Of course it's a Trek show! It says Star Trek: DS9 does it not? Why aren't we asking this about the first two seaons of ENT? They didn't have Star Trek in their title. :borg:
 
DS9 is way too different to Gene Roddenberry Trek. I like DS9 but Roddenberry's vision was not about spacestations, prophets and wars. DS9 is more like something out of Star Wars, Dune of one of those Heinlein books than a relation to TOS
 
DS9 is way too different to Gene Roddenberry Trek. I like DS9 but Roddenberry's vision was not about spacestations, prophets and wars. DS9 is more like something out of Star Wars, Dune of one of those Heinlein books than a relation to TOS

In Roddenberry Trek, we saw many space stations, the god Apollo, and almost constant hostilities with the Klingon Empire.
 
I especially loved the first season of DS9, its dark atmospheric lightening, long scenes. Trek on the frontier, a dark uncertainty.
 
DS9 is way too different to Gene Roddenberry Trek. I like DS9 but Roddenberry's vision was not about spacestations, prophets and wars. DS9 is more like something out of Star Wars, Dune of one of those Heinlein books than a relation to TOS

Ds9 isn't even in the same stratosphere as Star Wars. :wtf:

Personally I think this whole Rodenberry vision thing has been terribly overblown.

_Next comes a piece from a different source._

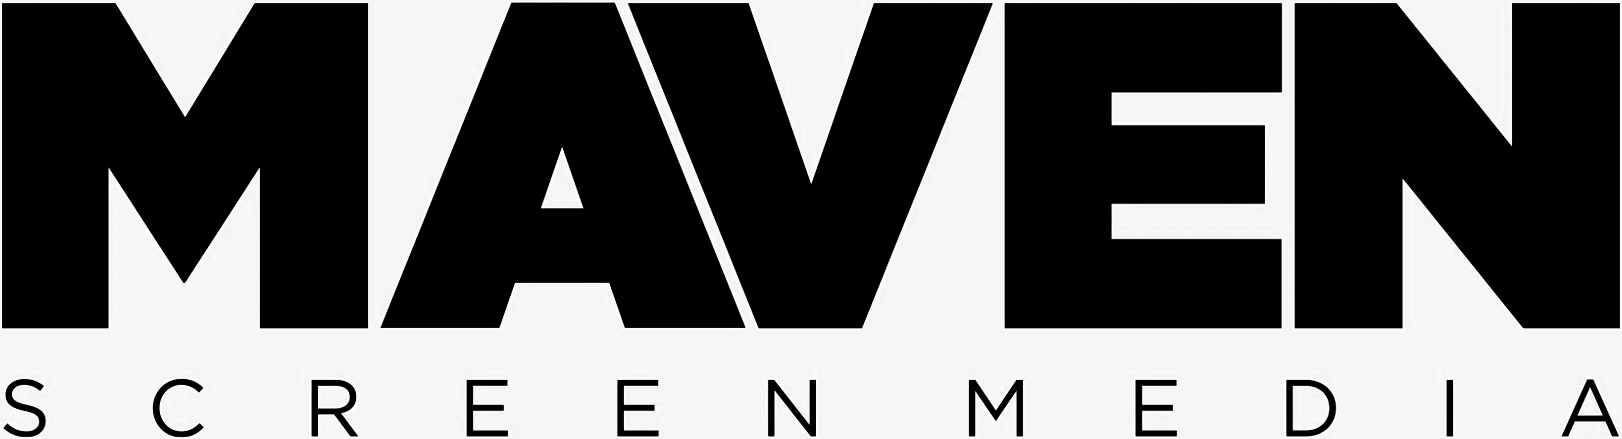 Maven Screen Media - company

He created the idea for the show and other writers came along and added most of the elemants that fans grew to like.The TOS episodes that most fans like weren't even written by Rodenberry.Then somewhere between the cancelation of the show and the first movie he starts becoming some "visionary" by the fans and even starts to believe his own hype

And yes, we first got a glimpse of Roddenberry's "new vision" with the first movie; two hours of boring tripe that would have never been a success had the public not been so starved for new Trek. Once Rodenberry was forced to a consultant role the movies got better. But then he was given control of the new show and the first two seasons are generally considered the weakest of all of trek. TNG didn't get good until Michael Pillar was put in charge of the writing staff.DS9 would never have been the show it was had Rodenberry been in charge of it because he would have objected to the flawed characters, the religous cultures, and the violence. Hence, the show would have become TNG 2 and gotten canceled by season 4.So personally I 'm glad that DS9 doesn't conform to the utopian vision perpetuated by Rodenberry. It has the most rewatchability next to the Original Show and gains new fans every year while TNG loses them.
 
It has the most rewatchability next to the Original Show and gains new fans every year while TNG loses them.

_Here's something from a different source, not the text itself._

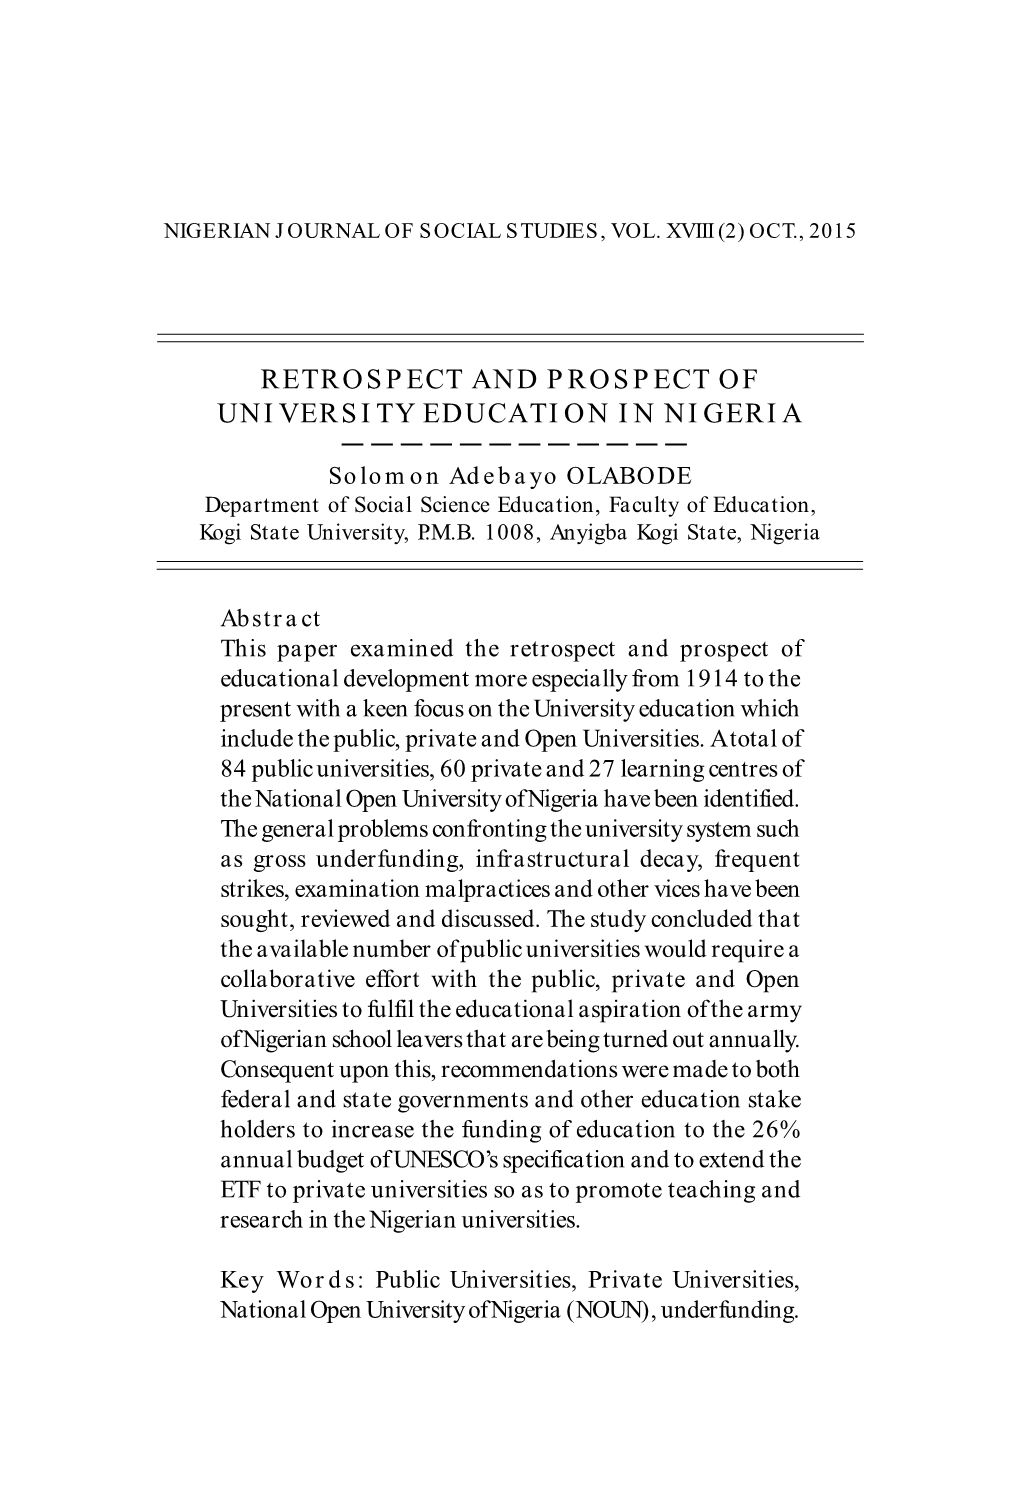 Retrospect and Prospect of University Education in Nigeria

I'd like to see some proof that TNG loses fans. And for that matter why does another Star Trek have to be bashed in order to praise DS9?
 
It has the most rewatchability next to the Original Show and gains new fans every year while TNG loses them.
I'd like to see some proof that TNG loses fans. And for that matter why does another Star Trek have to be bashed in order to praise DS9?
It doesn't. This statement is total gibberish.